Hence, cross-national comparisons of health care spending adjust for differences in the value of currencies using the purchasing power parity (Fuchs and Hahn, 1990; Schieber, Poullier, and Greenwald, 1991; Evans, 1988). In 1990, one U.S. dollar had the purchasing power of 1.31 Canadian dollars (Organization for Economic Cooperation and Development, 1992). Suppose that Canadian physicians were paid in U.S. dollars, which they used to pay for practice expenses as well as personal consumption items, such as housing in Canada. They could receive only one U.S. dollar for every 1.31 Canadian dollars they now receive and still afford the same practice expenses and standard of living. Hence, Canadian fees must be divided by 1.31 to be translated into U.S. dollar equivalents.

What is relevant to physician income, however, is not physicians' fees but their fees net of practice expenses. We wished to adjust fees, therefore, so that they represent the same net income per service in the two countries. Canadian physicians have substantially lower malpractice expenses (Coyte, Dewees, and Trebilcock, 1991) than U.S. physicians and lower administrative expenses (Himmelstein and Woolhandler, 1991; U.S. General Accounting Office, 1991). Canadian physicians had expenses that were 38.7 percent of gross income in 1987, for example, the latest year for which such data are available (Department of National Health and Welfare, 1990).
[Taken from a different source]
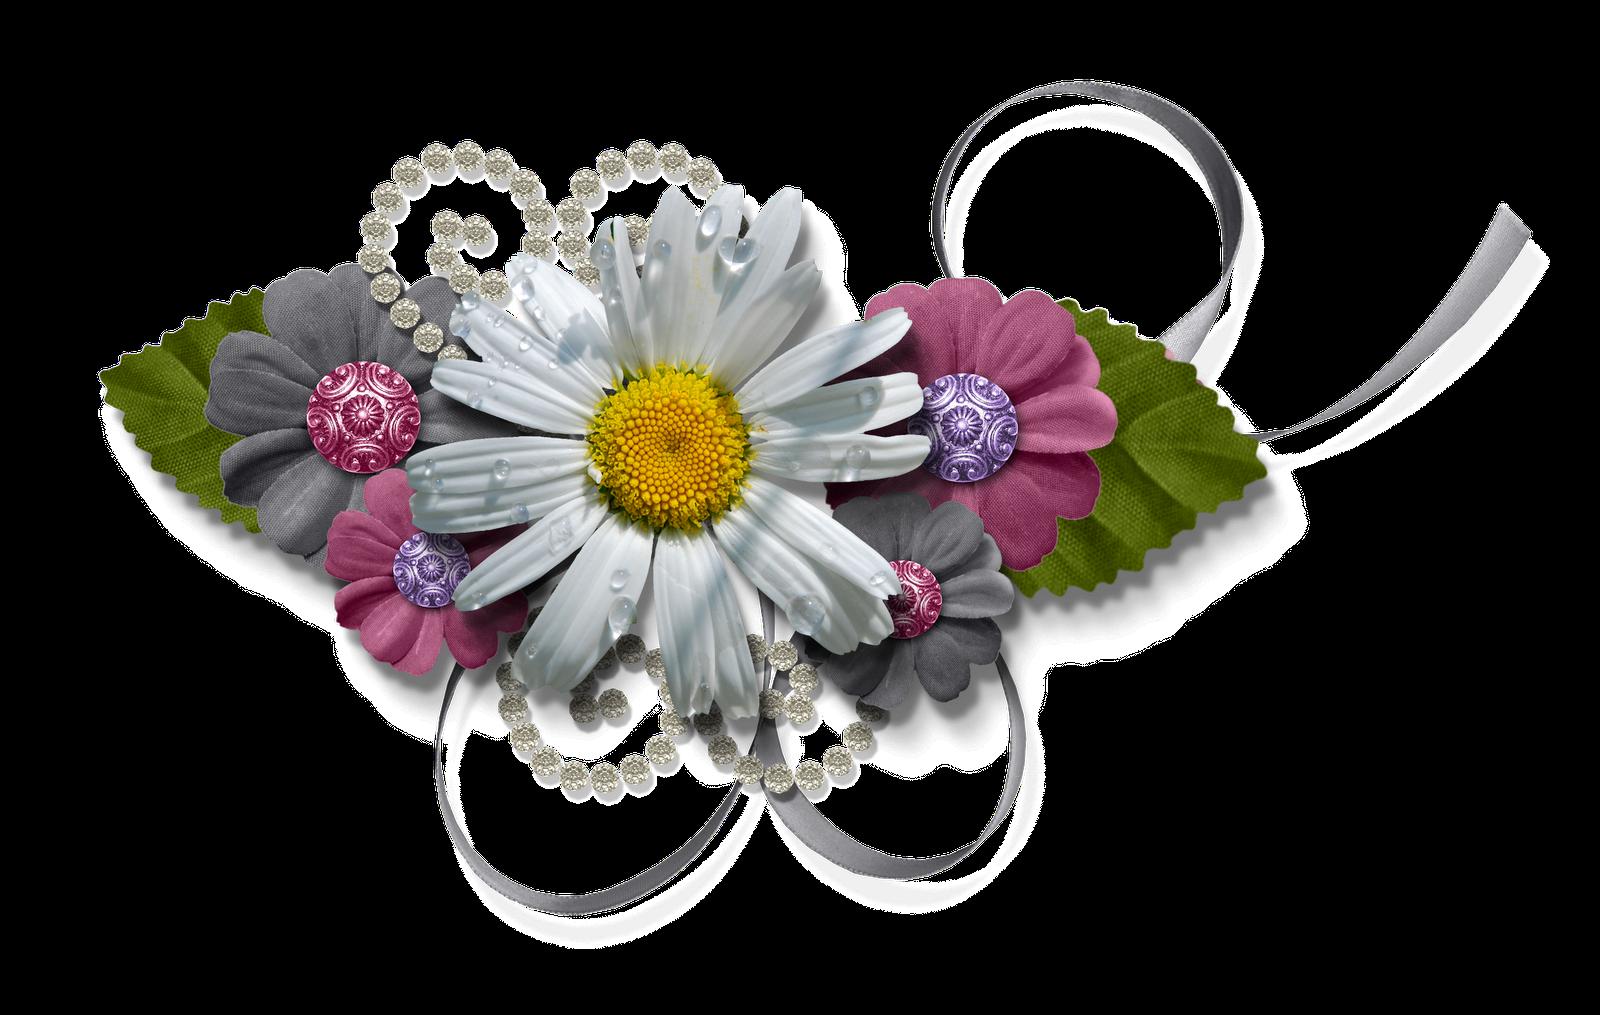 Scrapbook png cluster freebies. Mayflower clipart gerbera flower

The analogous U.S. figure for 1987 is 45.8 percent (American Medical Association, 1988).

In other words, physicians retain as net income 54.2 percent of their revenue in the United States but 61.3 percent of their revenue in Canada. For the purposes of this adjustment, we assume that practice expenses as a percentage of a fee are the same for all fees. In reality, the share of a fee that is retained as net income varies across services. If net income per service for physicians were equated in the two countries, this would mean that 54.2 percent of U.S. fees would equal 61.3 percent of Canadian fees. Therefore, to make a valid comparison between the two countries, Canadian fees need to be adjusted upward to reflect the higher practice expenses in the United States. This involves dividing Canadian fees by 0.884 (54.2/61.3).

Thus, we divided Canadian fees by 1.31 to adjust for differences in purchasing power and by 0.884 to adjust for practice expenses (1.31 * 0.884 = 1.158).

Results

Table 1 presents Canadian and Medicare fees for selected CPT codes. We use coronary artery bypass graft (CABG) with three grafts to explain the construction underlying the figures in this table. The three-graft CABG has a weight of 0.22 (not shown); that is, it has 22 percent of the Medicare expenditures for the eight codes used for the cardiovascular index. In January 1992, the average fee across the four largest provinces was $1,278 (not shown). This figure, which is in Canadian dollars, includes postoperative office visits that are covered by the global fee under Medicare. After adjustment for the lower purchasing power of the Canadian dollar and lower practice expenses, the Canadian fee is $1,129 (U.S. dollars). In contrast, under full implementation of its fee schedule, Medicare will be paying $2,225 for the same service. In sum, Canada is paying about one-half as much as Medicare for a three-graft CABG (0.51 in the table).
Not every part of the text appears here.